Shea scoffed at such criticism, saying, “If, in fact, one of us or one of our agencies does become the subject of an investigation by the IG, we will take that up, individually, on an ad hoc basis and determine the best course of action.”

Left unsaid by Shea is that IG investigations are bound by confidentiality, meaning that Cumming is barred from disclosing the names of targeted employees or agencies to any outside party, including an advisory board.

Baltimore Inspector General Isabel Mercedes Cumming. (OIG)

Inspector General Isabel Mercedes Cumming. (Brew file photo)

The charter amendment calls on the advisory board to meet at least once a year “to review the performance of the inspector general.”

The amendment gives no exact duties for the board other than the power – by four affirmative votes – to remove the IG “for misconduct in office, persistent failure to perform the duties of office, or conduct prejudicial to the proper administration of justice.”

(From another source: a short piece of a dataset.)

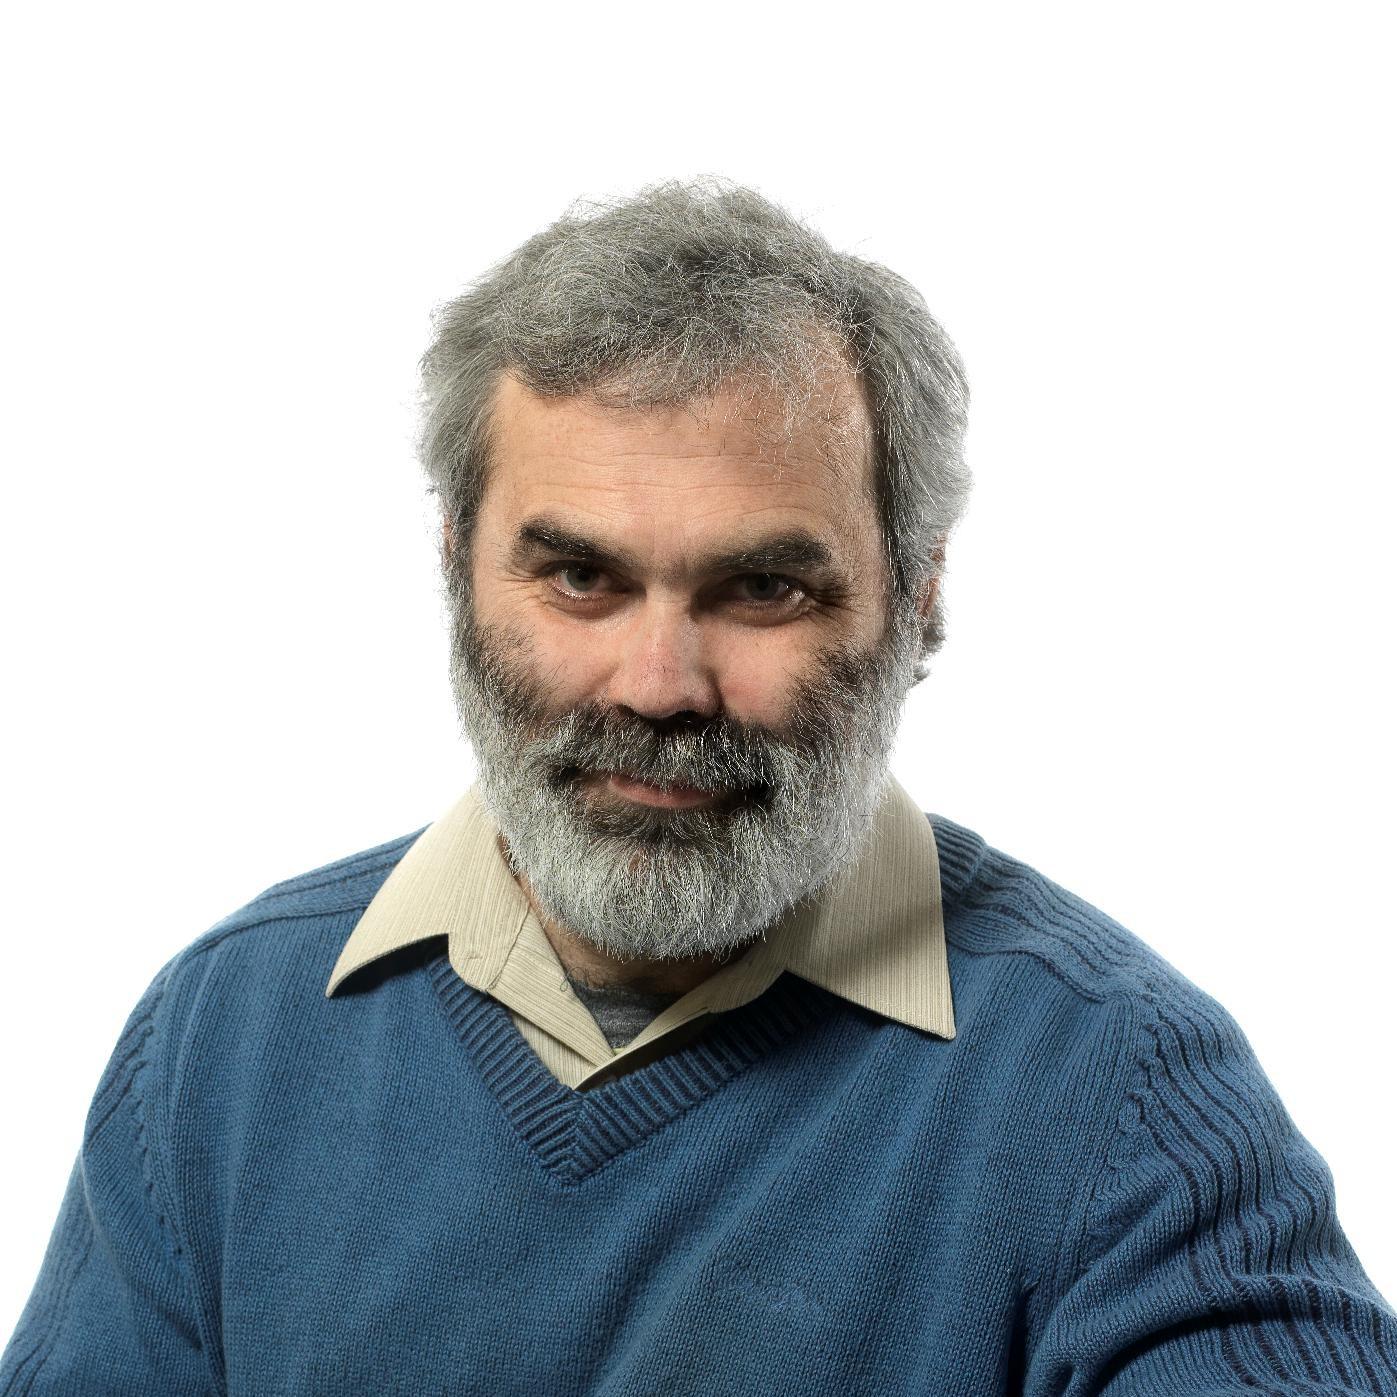 15. Vladimír Buřt Profile Image

The IG has an initial six-year term.

Cumming was appointed in January 2018 after the previous jobholder, Robert H. Pearre Jr., was forced to resign by Mayor Stephanie Rawlings-Blake.

“Deep Dive”

Shea is the retired chairman of Venable LLP who, in 2018, picked then-City Councilman Scott as his running mate in an unsuccessful bid to become Maryland governor.

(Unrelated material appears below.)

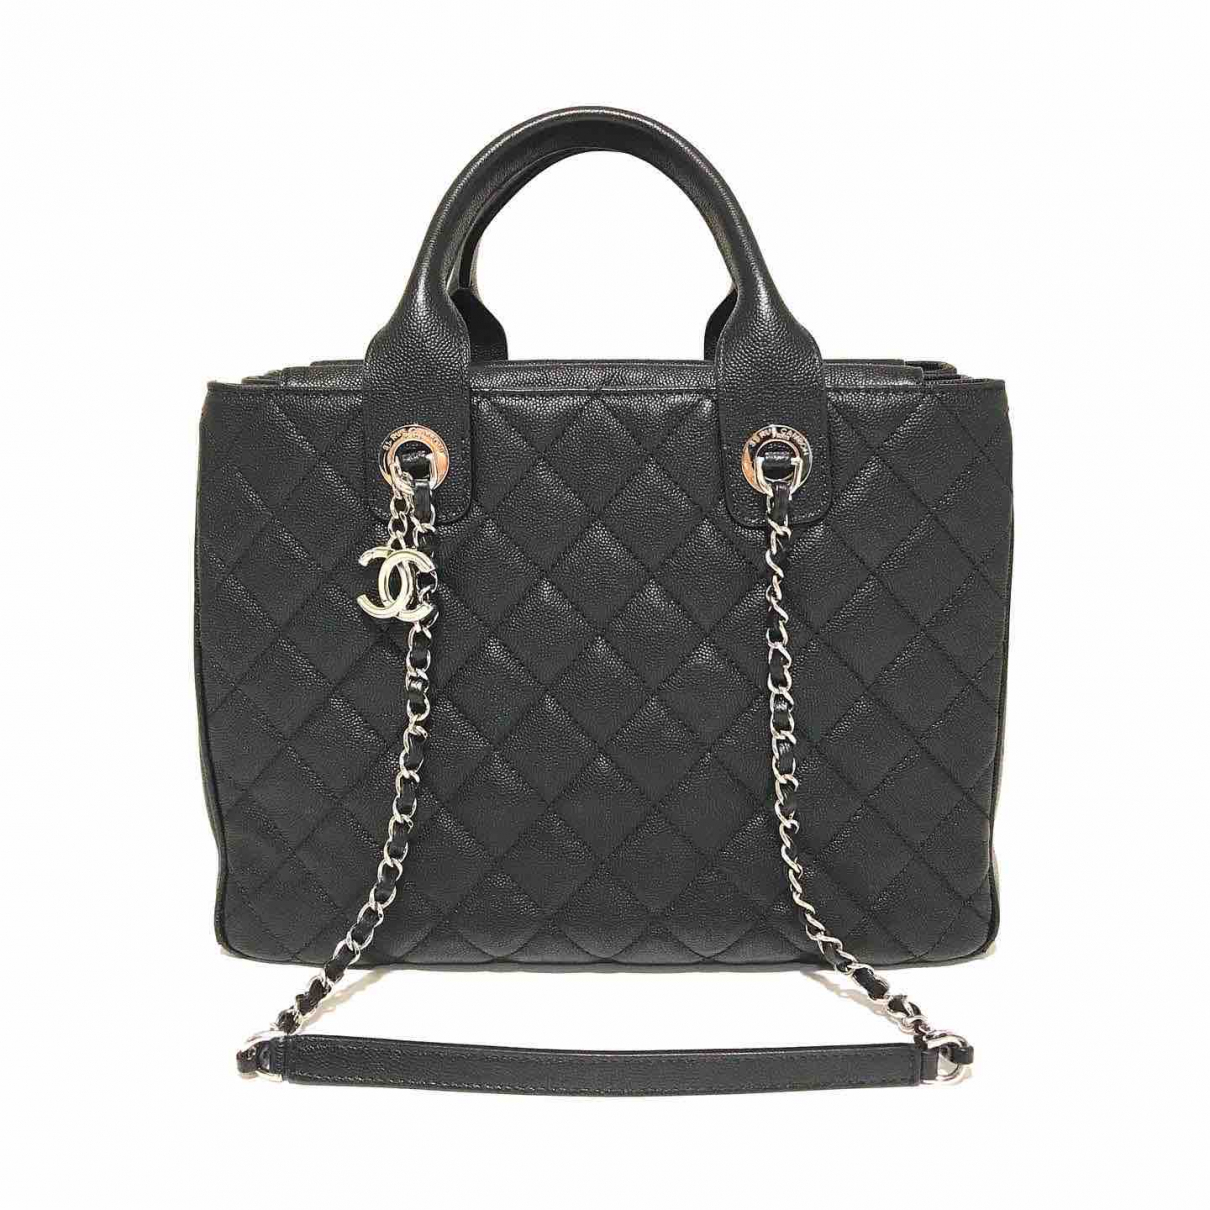 Chanel Petite Shopping Tote Black Leather handbag for Women \N

In January, Scott selected Shea as city solicitor, responsible for the city’s law department. He also sits on the Board of Estimates with Scott, Mosby and Henry.

Shea said he plans to conduct a review of Cumming through a “deep dive” of data collection about “what the job is and how the job has been accomplished.”

He further said he will solicit the public through a written comment period “to provide feedback in a fair and evenhanded way.”

The final outcome is expected to be a written report of Cumming’s job performance, which Shea said he hopes to complete in October. The board will then go about reviewing the watchdog’s proposed FY22 budget prior to it being submitted to the Board of Estimates.

The City Council representatives on the board, Eric Costello and Sharon Green Middleton, today praised Shea for his thoroughness.

“I agree completely with everything you outlined. You clearly had goals and objectives for us and for the inspector general, and I think this is a great start,” said Middleton.

She added that the ethics disclosure statements required of her and other board members should allay any concerns by the public about potential conflicts of interest.

UPDATE: In a statement released after today’s meeting, Cumming said her letter to Shea and the advisory board “was an attempt to highlight recent issues involving the independence of the Inspector General’s Office in Baltimore County.

“The make-up of the proposed Baltimore County Board was very similar to the Baltimore City Advisory Board with five elected or appointed members of City government.

“The letter from the president of the Association of Inspectors General addressed the concerns of political oversight and independence. As the Inspector General of Baltimore City, I wanted to make a record that these issues also exist in Baltimore.”